*Instructions to follow:* The full listing, written out exactly and without images, is the expected result.

*Information shown:*
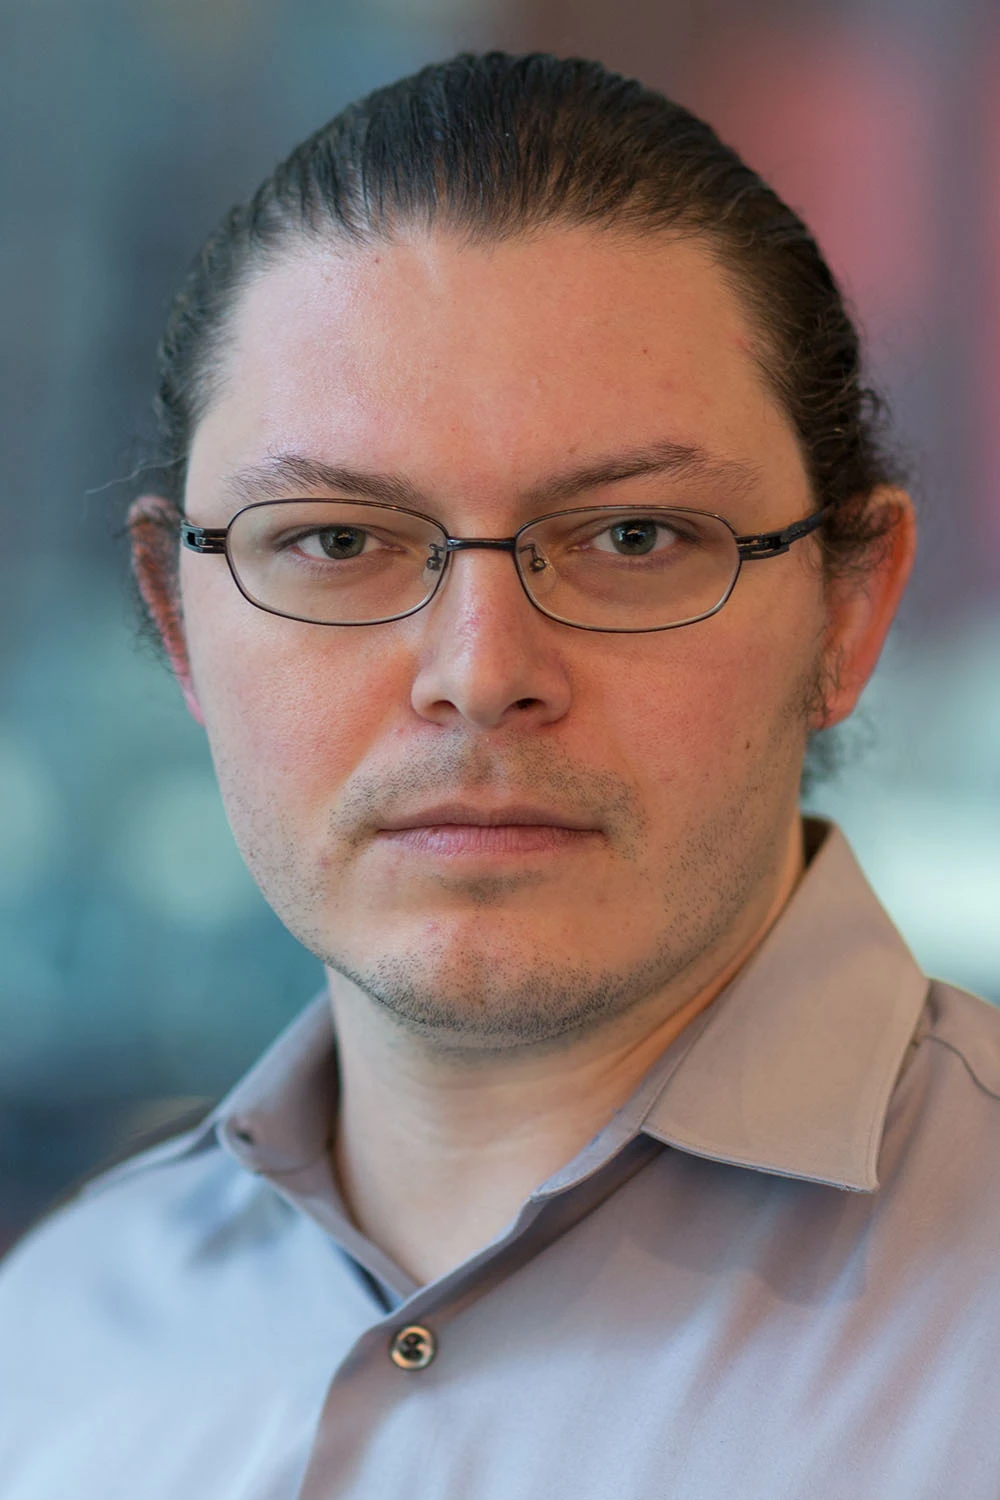 Gary Kazantsev poses for a headshot. He is a white male with thin-rimmed glasses, long hair pulled back, and wearing a gray collared shirt.
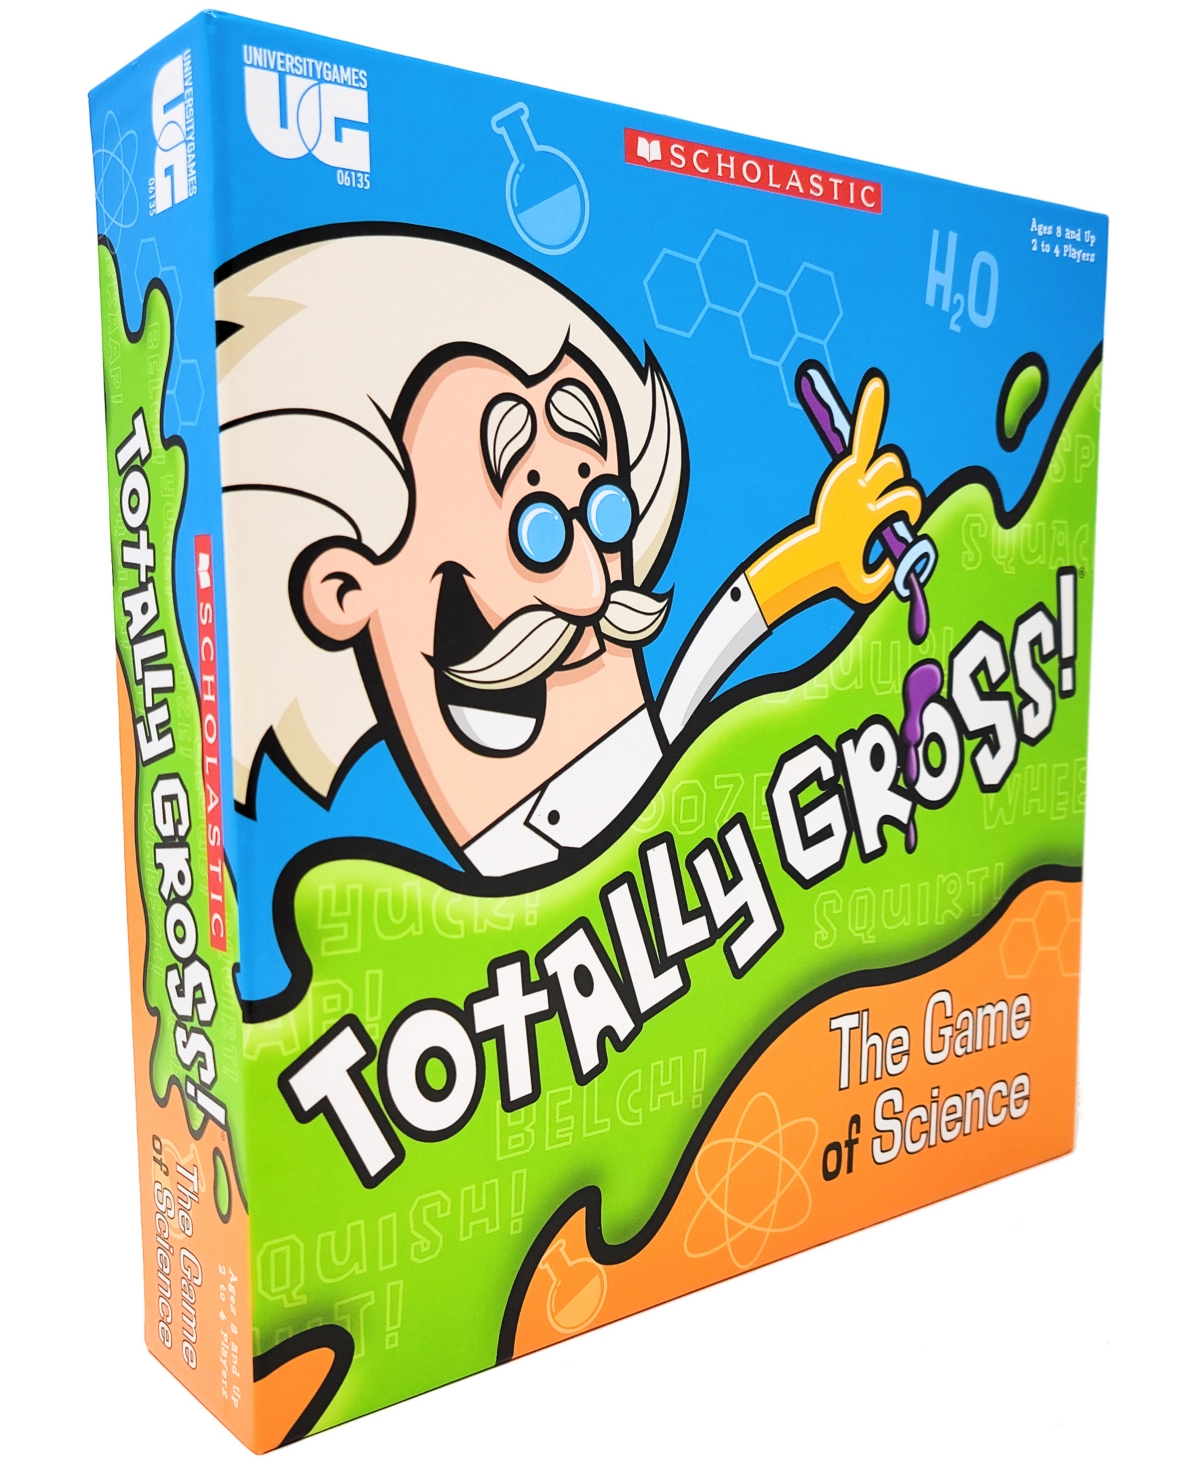 Areyougame Kids' University Games Scholastic Totally Gross The Game Of Science In No Color
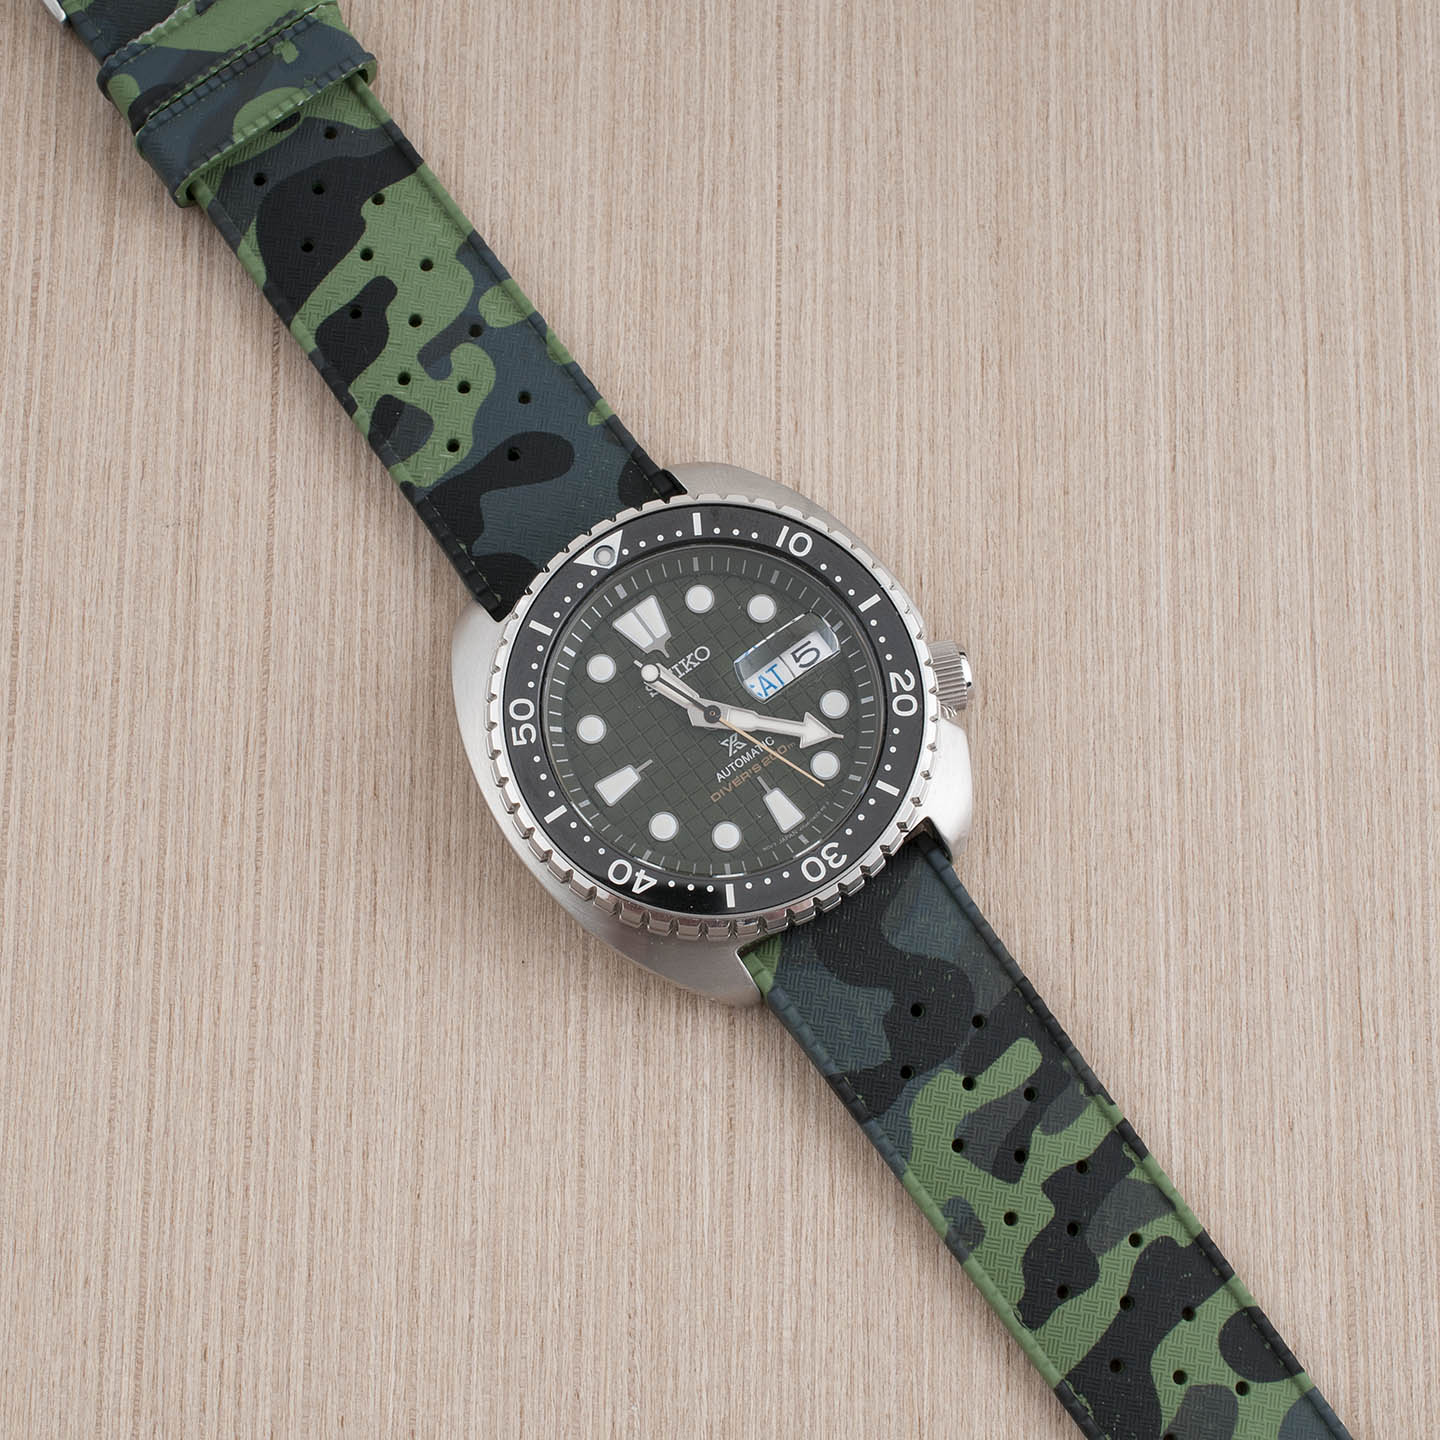 Tropical retro vintage replacement watch strap band FKM rubber tropic 19mm 20mm 21mm 22mm green camo camouflage seiko king turtle grenade srpe03
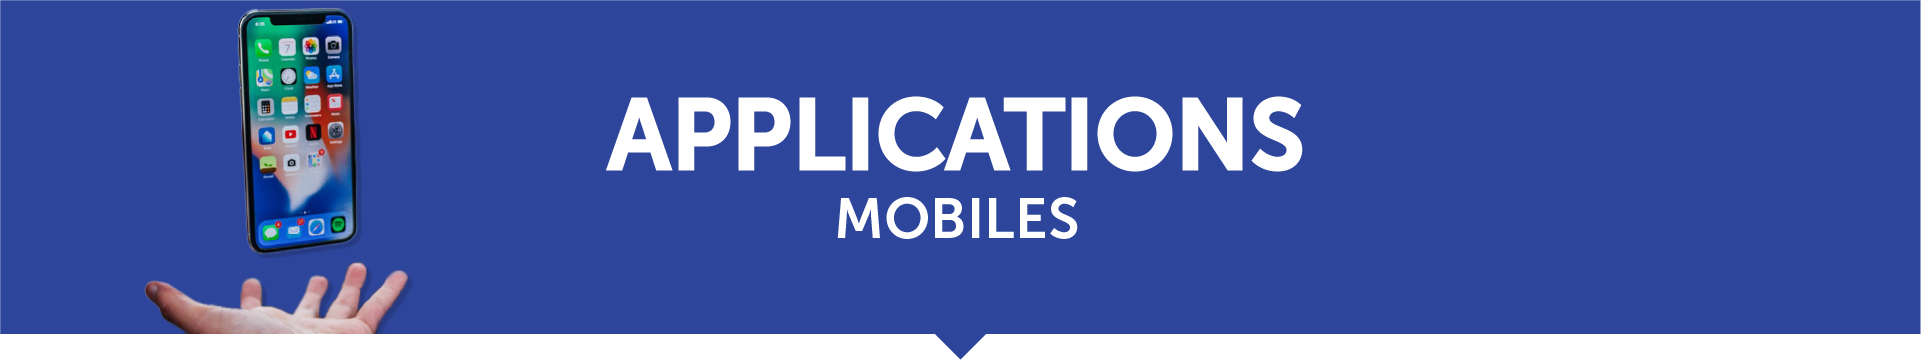 Applications mobiles

*Answer to this task:*
 Gary Kazantsev poses for a headshot. He is a white male with thin-rimmed glasses, long hair pulled back, and wearing a gray collared shirt.
 Areyougame Kids' University Games Scholastic Totally Gross The Game Of Science In No Color
 Tropical retro vintage replacement watch strap band FKM rubber tropic 19mm 20mm 21mm 22mm green camo camouflage seiko king turtle grenade srpe03
 Applications mobiles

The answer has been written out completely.